A recent undercover video by Lila Rose’s Live Action gives us a glimpse of the depth of depravity to which our society has fallen. The video highlights the kind of sexual counseling that our government is paying Planned Parenthood to give our kids: At Planned Parenthood of the Rocky Mountains, a counselor tells a client she believes to be fifteen-years- old that it’s okay if her boyfriend chokes, whips, or gags her as long as she has a safety word.

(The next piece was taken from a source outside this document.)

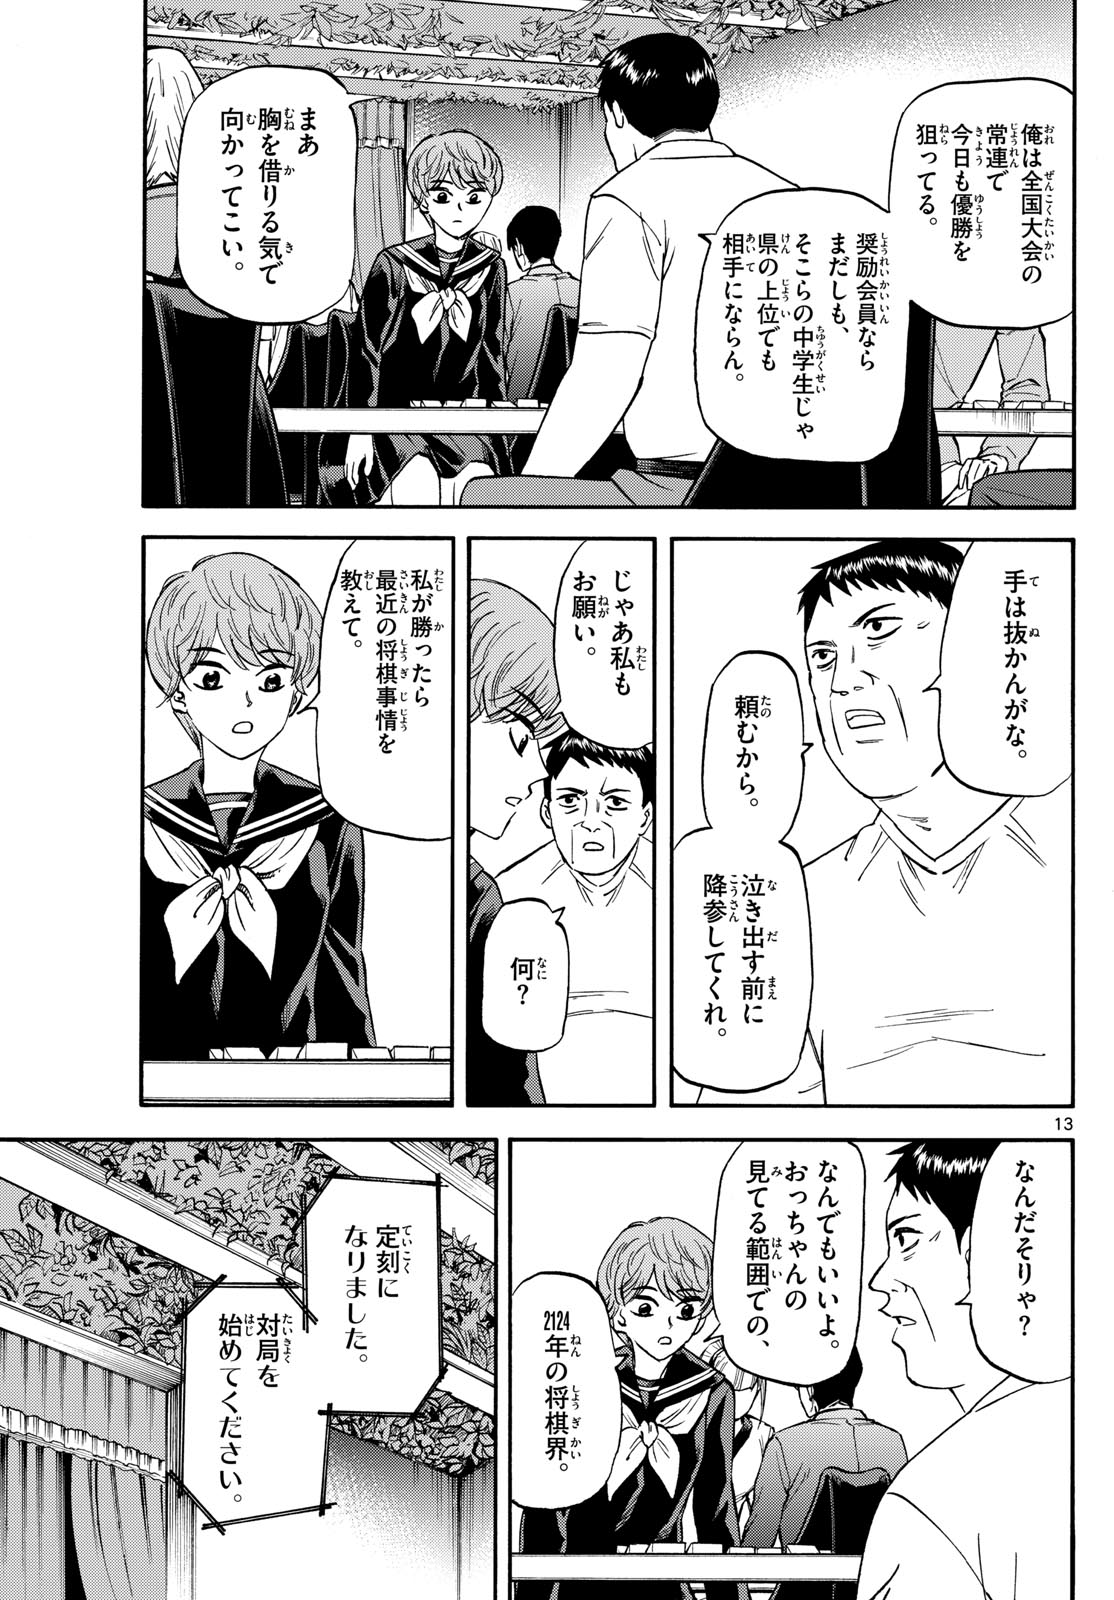 Tatsu to Ichigo - Chapter 185 - Page 13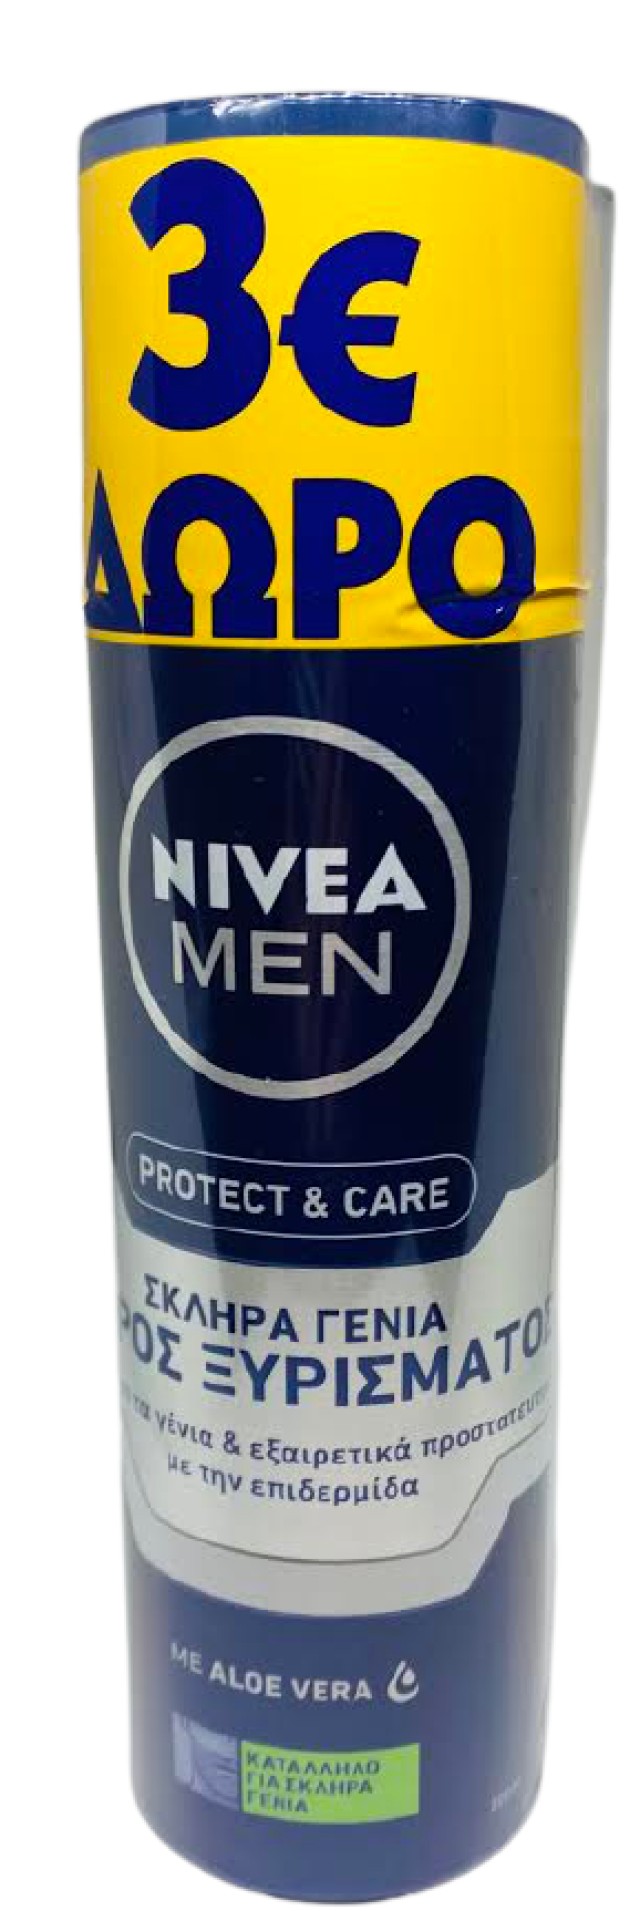 Nivea Men PROMO Protect Care Αφρός Ξυρίσματος με Aloe Vera 2x200ml -3€ Επί Της Τιμής

She encourages the young woman to do some Internet research on what BDSM involves, suggests she and her boyfriend go to a sex shop to look at different outfits and toys and “get educated together”—it is illegal for a minor to enter a sex shop, by the way—and even goes so far as to tell the fifteen-year- old that she and her boyfriend should watch porn together and then “act it out.”

If this is the kind of sexual advice our kids are receiving, how can we expect them to escape unscathed? Will our daughters learn to value themselves when society doesn’t?

Our children are learning about sexuality and pornography at a very early age, and if something doesn’t change, the long-term effects will be disastrous. As Diane E. Levin and Jean Kilbourne write in their book “So Sexy So Soon,” “boys raised in a sexualized culture often become men who are unsatisfying and sometimes even dangerous partners for women.” Girls exposed to sexual images from a young age, meanwhile, are more prone to three of the most common mental health problems for girls and women: depression, eating disorders, and low self-esteem.

More generally, as Levin and Kilbourne write, the lessons our kids learn at a young age from our oversexualized society “shape their gender identity, sexual attitudes, and values, and their capacity for relationships, for love and connection that they take into adulthood.”24 We are setting our children on a dangerous path, one that will affect them for years to come, if not the rest of their lives.